■ Source data
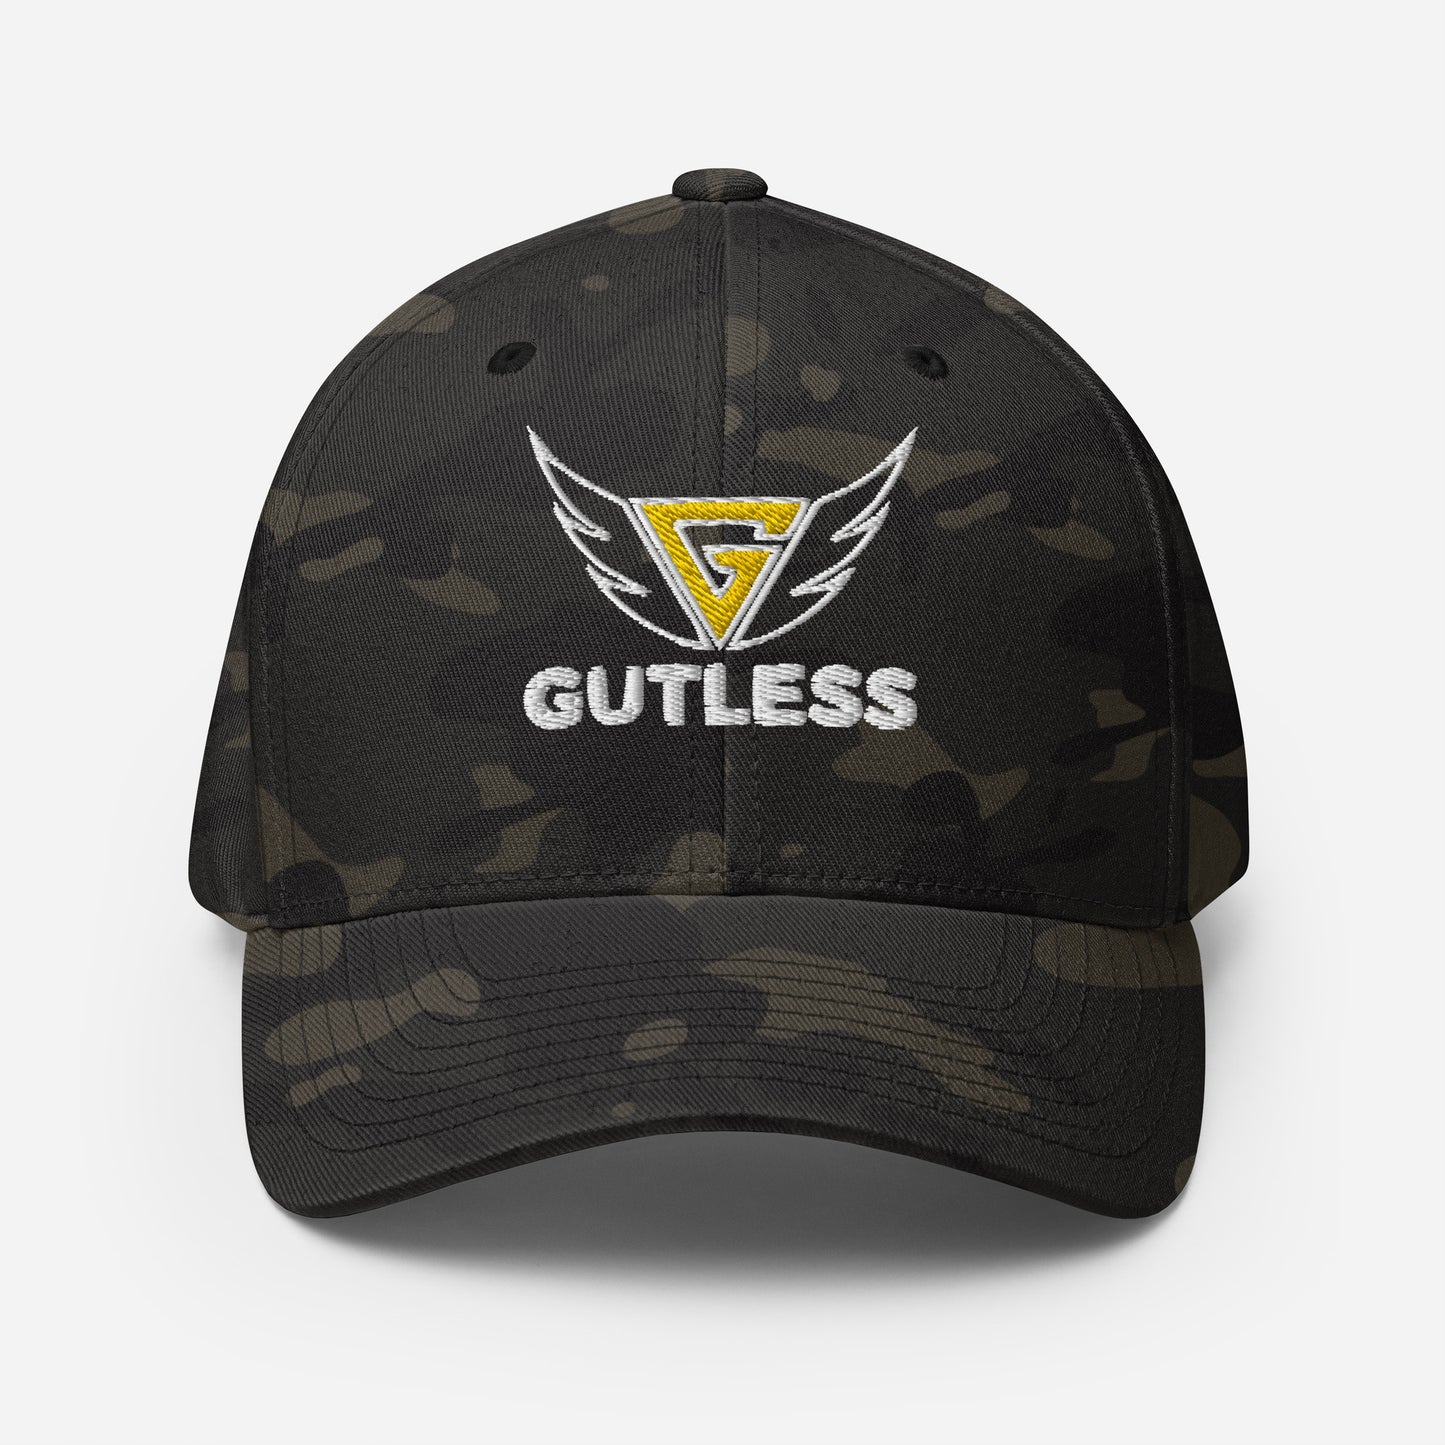 GUTLESS Fitted Structured Twill Cap
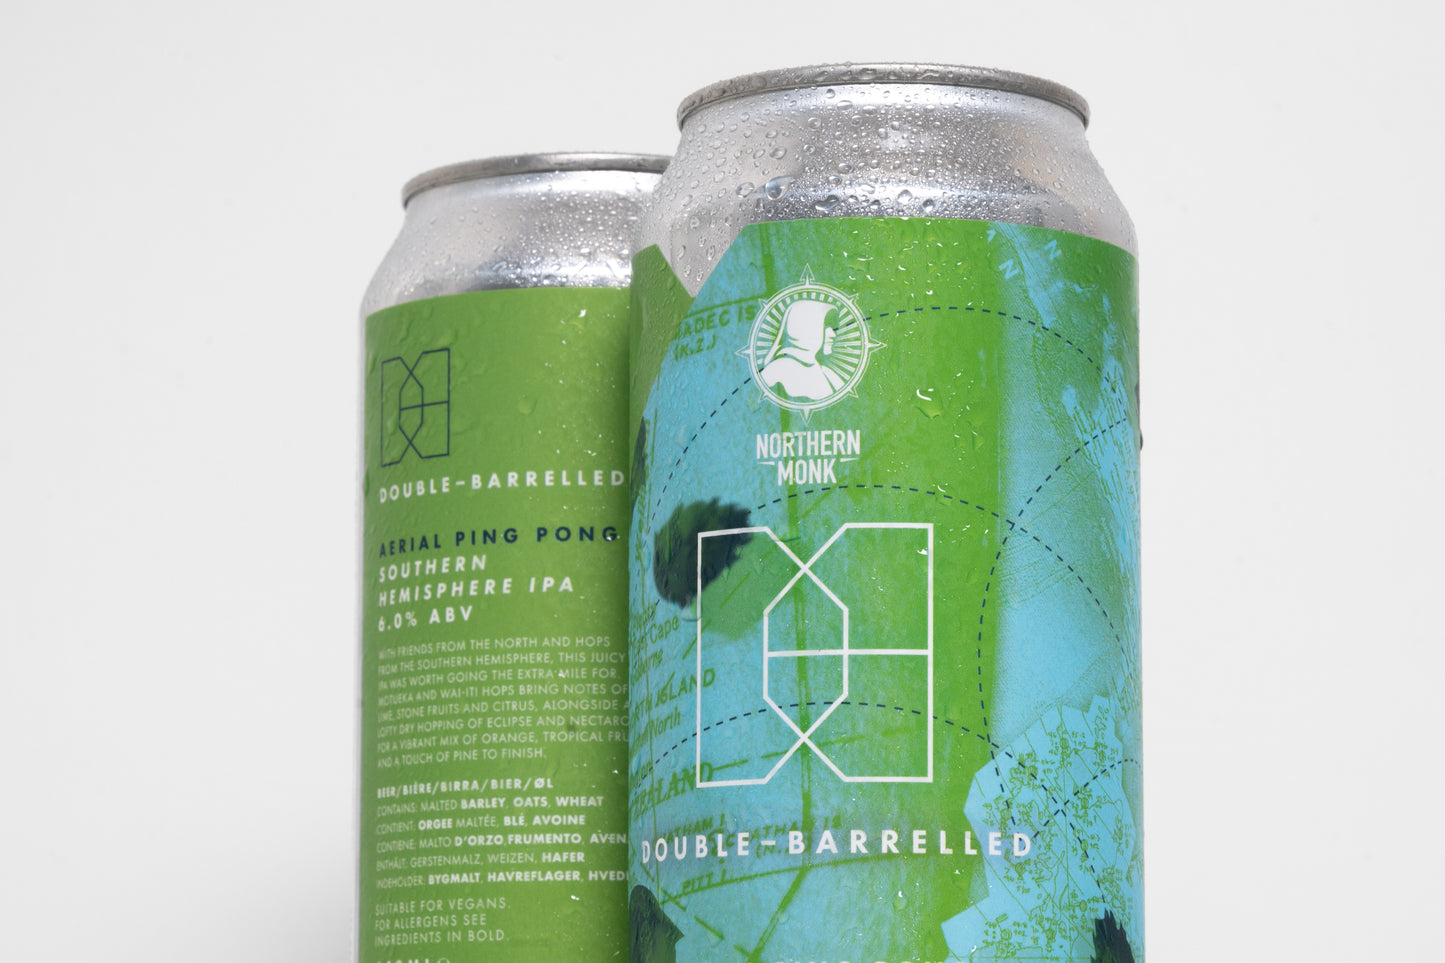 NORTHERN MONK // DOUBLE-BARRELLED // AERIAL PING PONG // SOUTHERN HEMISPHERE IPA
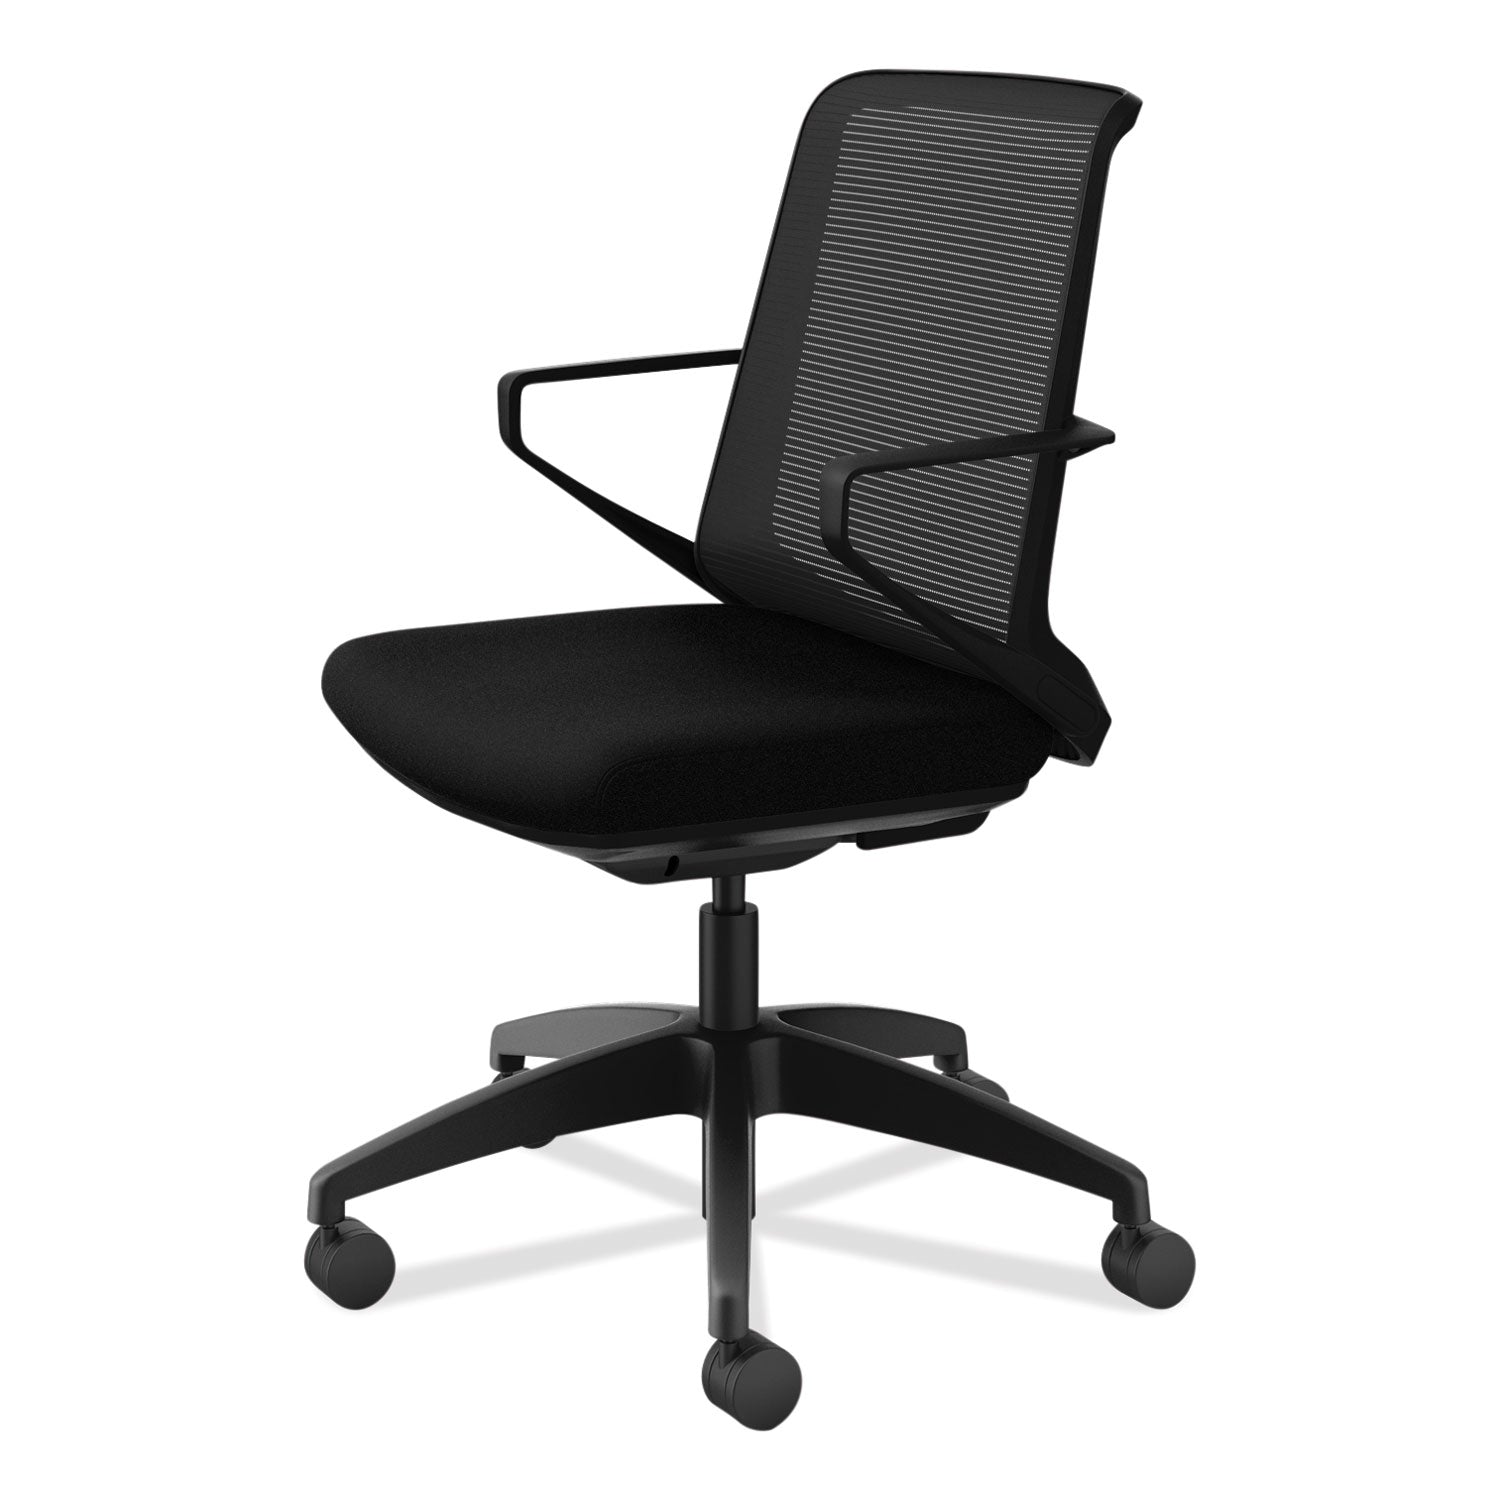 cliq-office-chair-supports-up-to-300-lb-17-to-22-seat-height-black-seat-back-black-base-ships-in-7-10-business-days_honclqimcu10t - 8

■ Exercise requirements
Leaving the pictures out, output each line of the listing exactly.

■ Answer area
 GUTLESS Fitted Structured Twill Cap
 NORTHERN MONK // DOUBLE-BARRELLED // AERIAL PING PONG // SOUTHERN HEMISPHERE IPA
 cliq-office-chair-supports-up-to-300-lb-17-to-22-seat-height-black-seat-back-black-base-ships-in-7-10-business-days_honclqimcu10t - 8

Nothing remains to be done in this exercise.